Is it normal to be normal?
When I was [much] younger – maybe until my early 20s – I thought that there was something very wrong with the world. It was something that I thought that I might have been able to fix, if I were to be persuasive and influential enough. As it turned out, I never did fix the “problem”, but came to realize that it was not an issue after all. In fact, what I had seen as a problem, was really a good thing.
My issue was that there were many people who did not think like me …
My younger self was very disturbed by people who had “odd” ideas. Sometimes their actions appeared irrational – they would achieve something by means of a very roundabout route. At least that was the way it seemed. There were so many things that I felt were either clearly right or wrong. This might be politics, religion, moral standards, taste in food, art or whatever – and so it goes on. I had a very clear idea of what was “normal”.
In more recent years, I have come to understand that everyone has their own, personal “normal”. That diversity is a really positive thing, which contributes to the strength and vibrancy of our culture. I now accept – no, embrace – this concept. But now I have another issue: do we each define our own normal or are we influenced by others?
Clearly we are all influenced, at least to some extent, by those around us. A simple example is clothes fashion. Some fashions make sense. I wear denim jeans most of the time. They are [somewhat] fashionable [although I probably do not have this week’s “cut”], but they are also very practical. Other fashions are very impractical. Nobody can persuade me that shoes that make your feet hurt, or high heels, or platforms are remotely practical [or even attractive]. I am always amused by seeing boys wearing knee-length, baggy shorts for swimming, which make no sense at all. [I am aware that this is an American fashion which has influenced youth over here. I take a more European approach myself.]
This may all seem very light-hearted and, indeed, clothes fashion is just that, but there are two aspects of being normal that worry me a lot. First is body image. So many people [predominantly, but not exclusively girls] feel that they are “abnormal” because they are not the idealized shape that they see on TV and in magazines. In most cases, this just results in harmless teenage angst; but, in others, it leads to eating disorders, depression and self-harm. The current trend for all the media to present an almost impossible “ideal” body image, and then sexualize it, is causing so much unhappiness.
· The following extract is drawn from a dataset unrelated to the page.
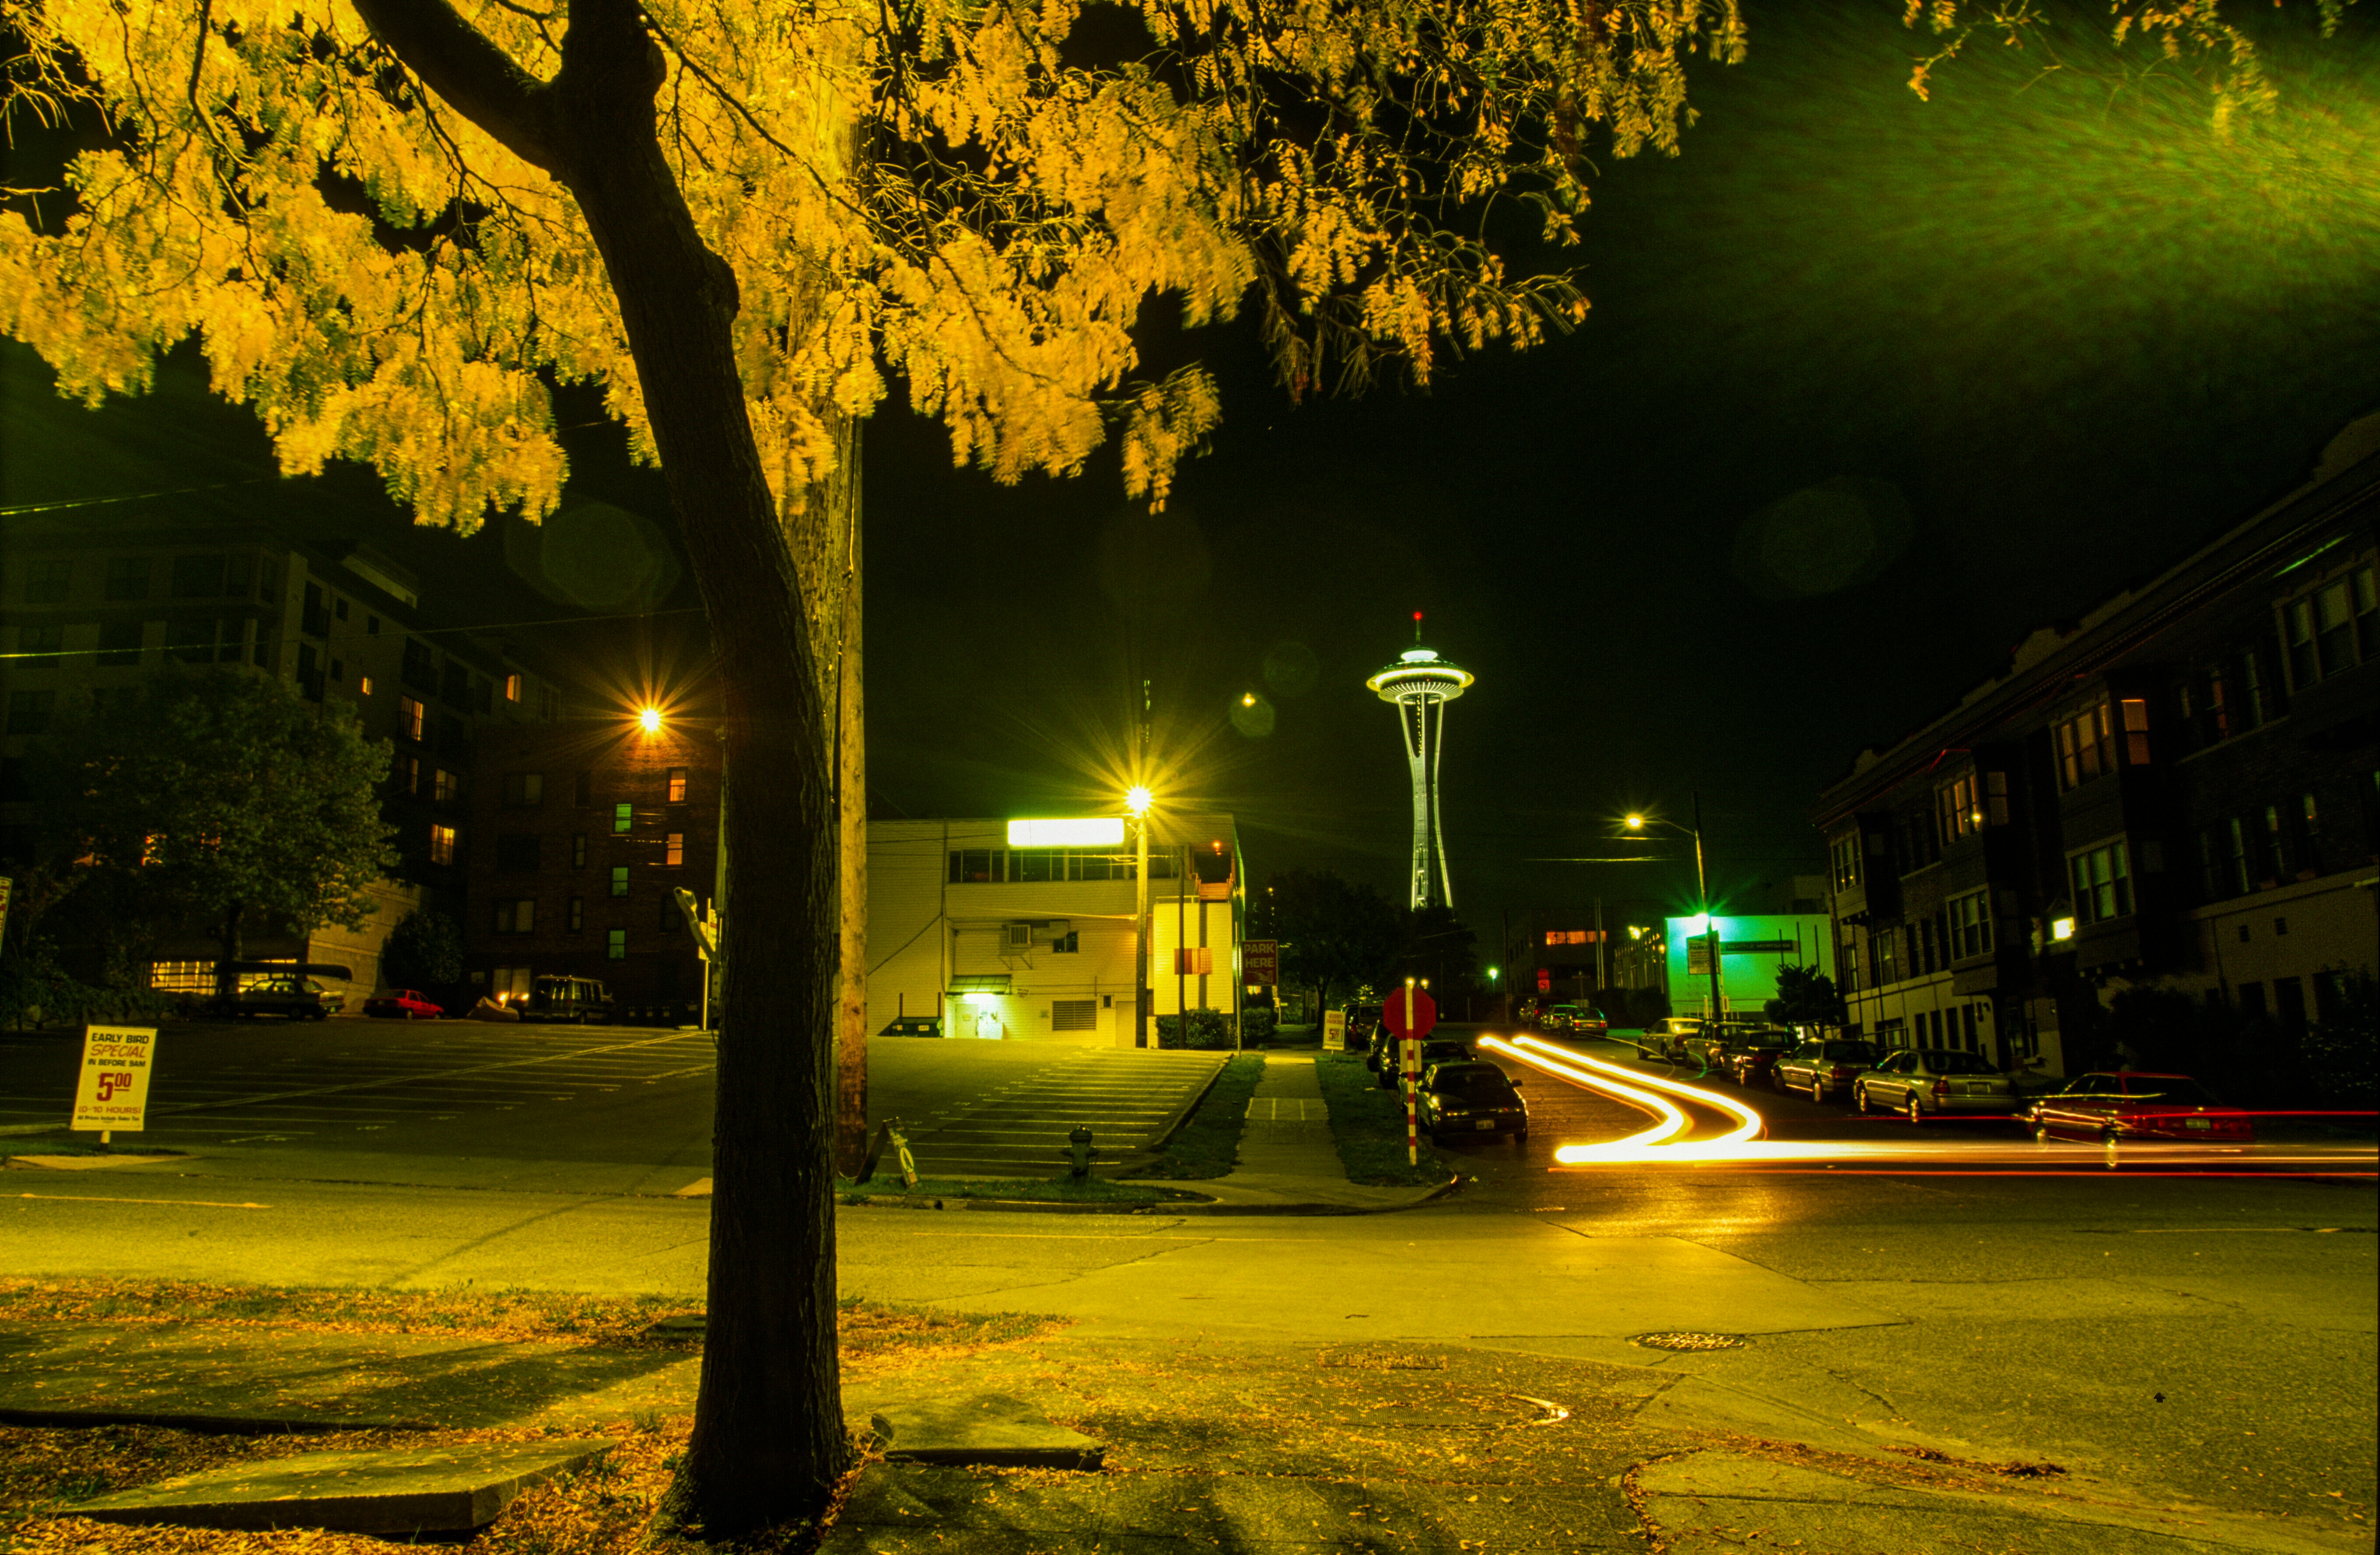 black street light near trees during night time
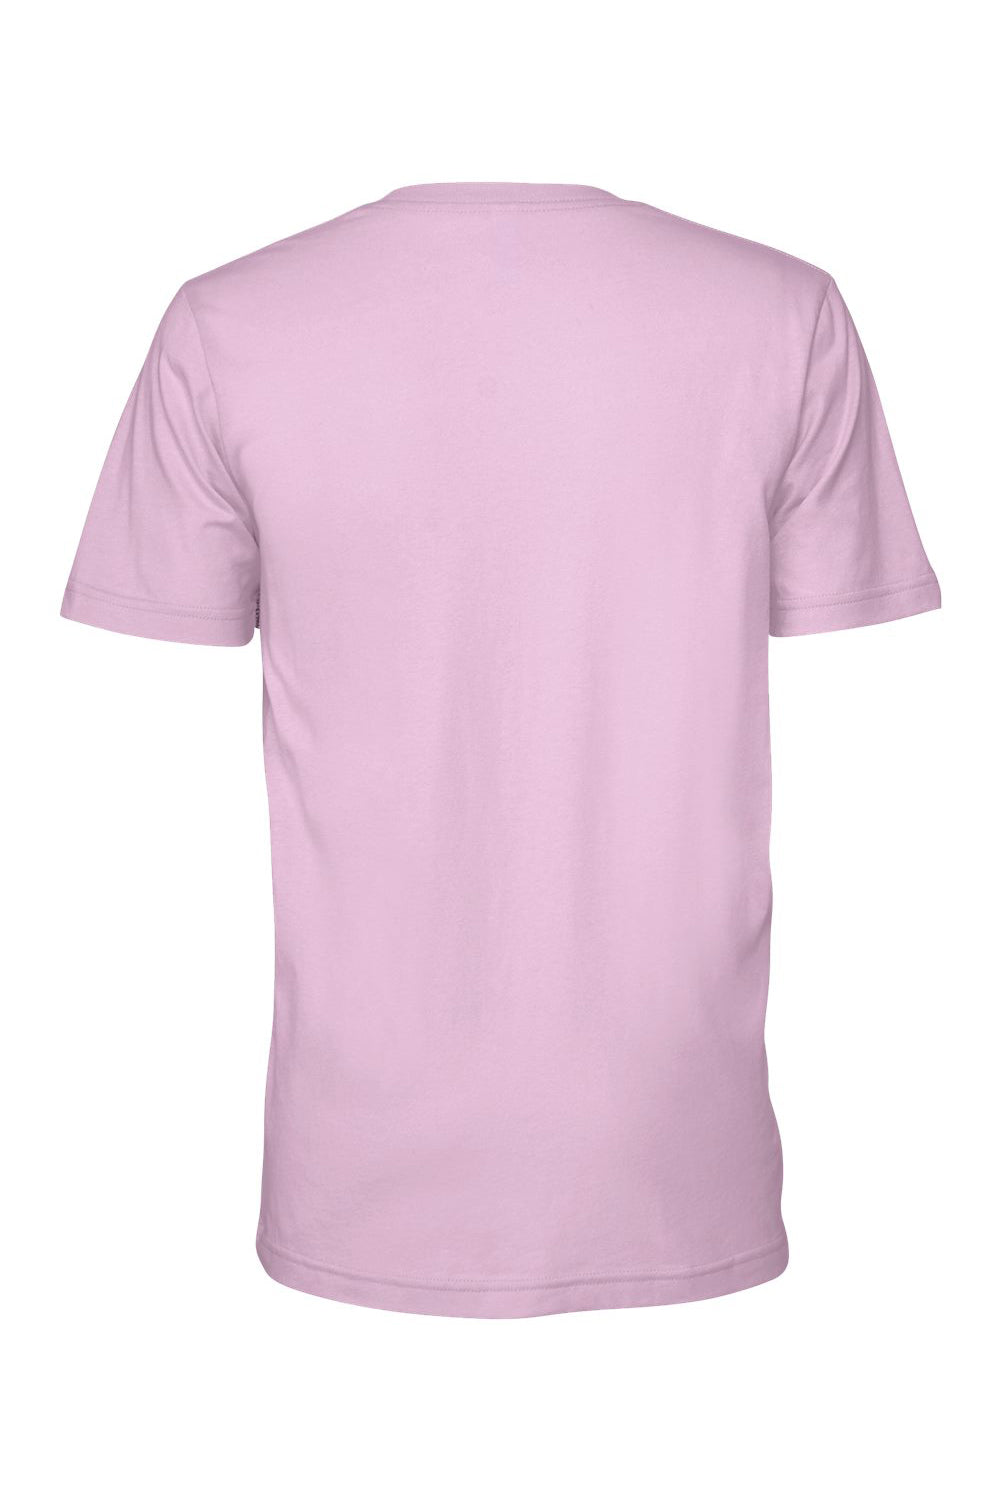 Bella + Canvas BC3001/3001C Mens Jersey Short Sleeve Crewneck T-Shirt Lilac Pink Flat Back

But it gets worse. In 1930s Germany it was fashionable [and I apologize for using such a trite word for such a serious subject] to hate Jews. It became “normal” to discriminate against people and abuse them just because they were Jewish. It was not normal any more then than it is now. Such attitudes come from people accepting society’s idea of what is normal, instead of defining their own.
So, here is the challenge. Strand back and think about how you lead your life, what you do and what attitudes you hold. Consider what is normal for you. Is it actually how you feel or are you simply going with the flow and accepting what society tells you is normal? Most people think that being normal is essentially being like everyone about them. I would suggest that this is abnormal – you can do better than that.